Bisa jadi gairah yang digandrungi ahli Taurat dan orang Farisi juga terjadi dalam hidup kita. Kita sering memilah orang; mana yang najis dan mana yang tidak. Seolah kitalah pemilik kuasa penghakiman. Demikian juga kita dapat saja bergairah sibuk “melayani” ini dan itu serta mempersembahkan banyak waktu, tenaga dan uang demi nama kita tercantum sebagai pelayan yang berdedikasi. Namun, apa yang terjadi di rumah sendiri? Terbengkalai! Tentu, di sinilah kecerdasan spiritual kita diuji. Mana gairah cinta kepada Tuhan yang benar dan mana gairah yang sedang memuaskan nafsu kita sendiri atas nama pelayanan! Ingat, gairah cinta yang fokusnya pada pemuasan diri kelak akan memberangus kita sendiri. Sebaliknya, gairah cinta yang tertuju kepada-Nya dan menjadikan Dia pusat segalanya akan membuat kita mengalami sukacita.

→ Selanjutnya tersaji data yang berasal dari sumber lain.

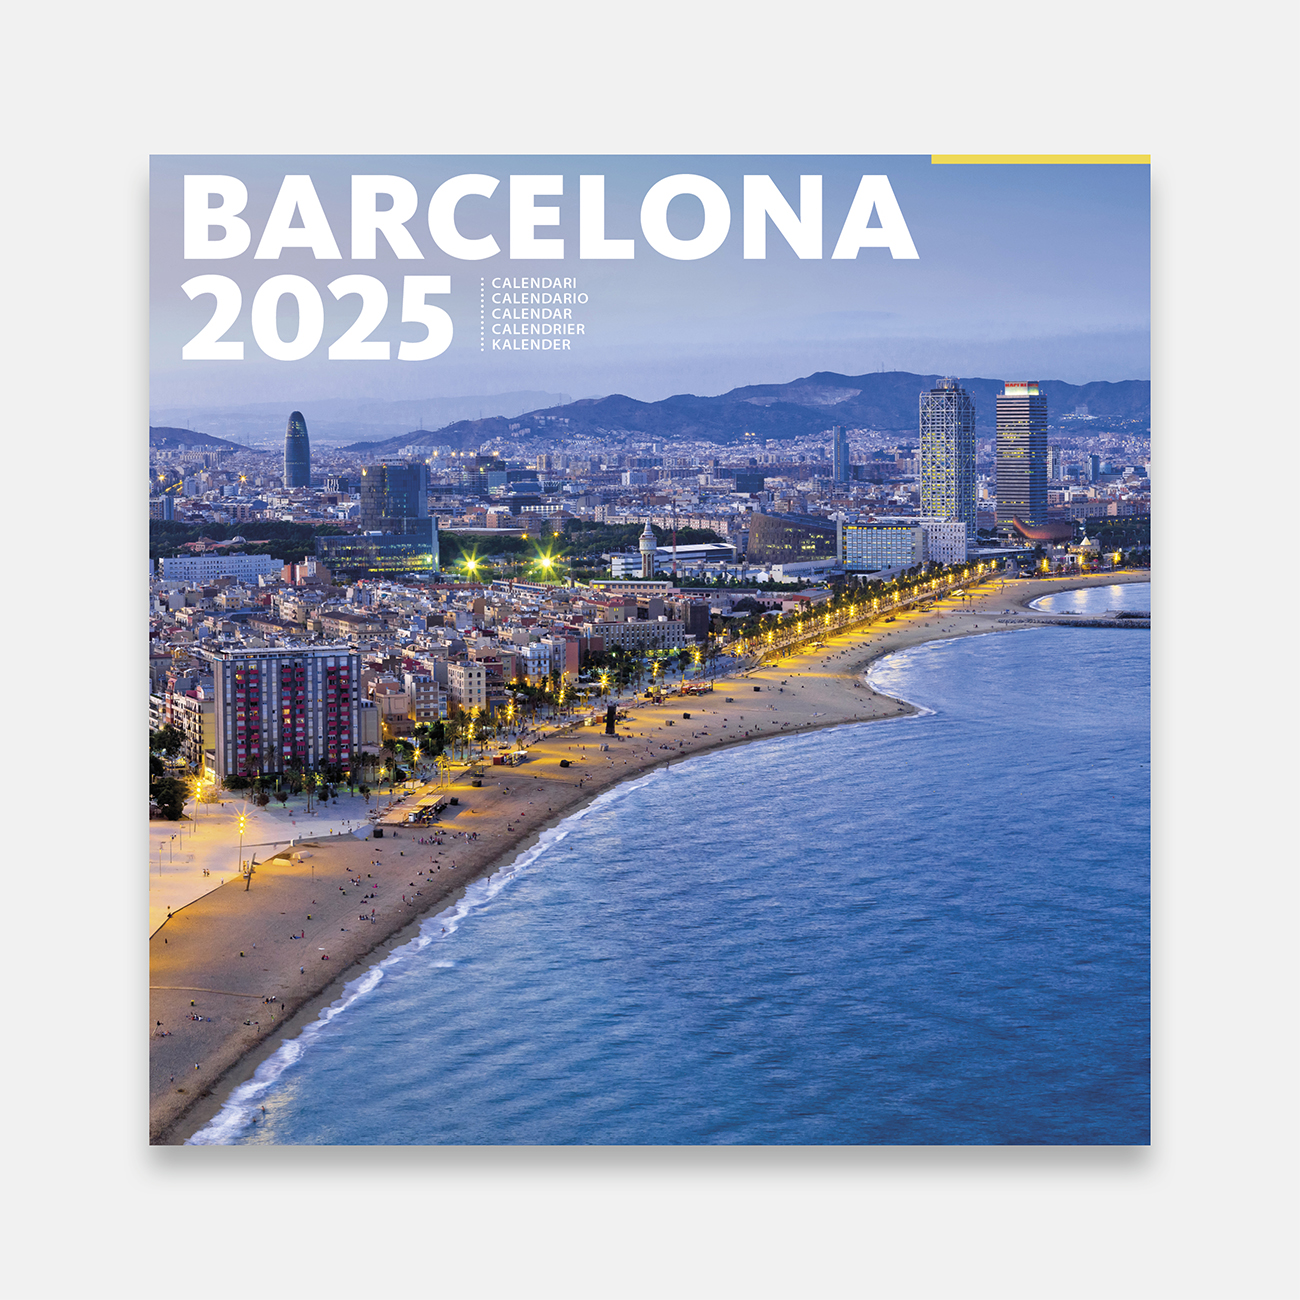 Calendar 2025 Barcelona 25b1 calendario pared 2025 barcelona

Gairah yang pemuasan diri yang sama dalam nuansa berbeda bisa kita jumpai dalam peradaban Kristen mula-mula. Rupa-rupanya, Yakobus menengarai orang-orang percaya gemar membicarakan dan menikmati firman yang diberitakan. “Tetapi hendaklah kamu menjadi pelaku firman dan bukan hanya pendengar saja; sebab jika tidak demikian kamu menipu diri sendiri.” (Yakobus 1:22). Mestinya setiap orang yang mencintai Tuhan tidak hanya sekedar mau mendengar melainkan menikmati, bersukacita dalam kegembiraan ketika melakukan firman itu dalam kehidupan sehari-hari. Tujuannya berbeda; bukan lagi kepuasan bagi diri sendiri melainkan selalu bertanya dan mencari tahu; apakah Tuhan bergembira, senang dengan apa yang kita lakukan atau tidak.

Seseorang yang hanya bisa membuat syair atau puisi pujian terhadap kekasihnya tapi tidak dapat memenuhi bahkan bertolak belakang dari yang diungkapkannya maka kita sering menyebutnya, “gombal”. Nah, jika tidak mau disebut gombal maka seharusnya kita melakukan firman Tuhan itu dengan sungguh-sungguh, bukan dengan terpaksa melainkan dengan gairah dan sukacita!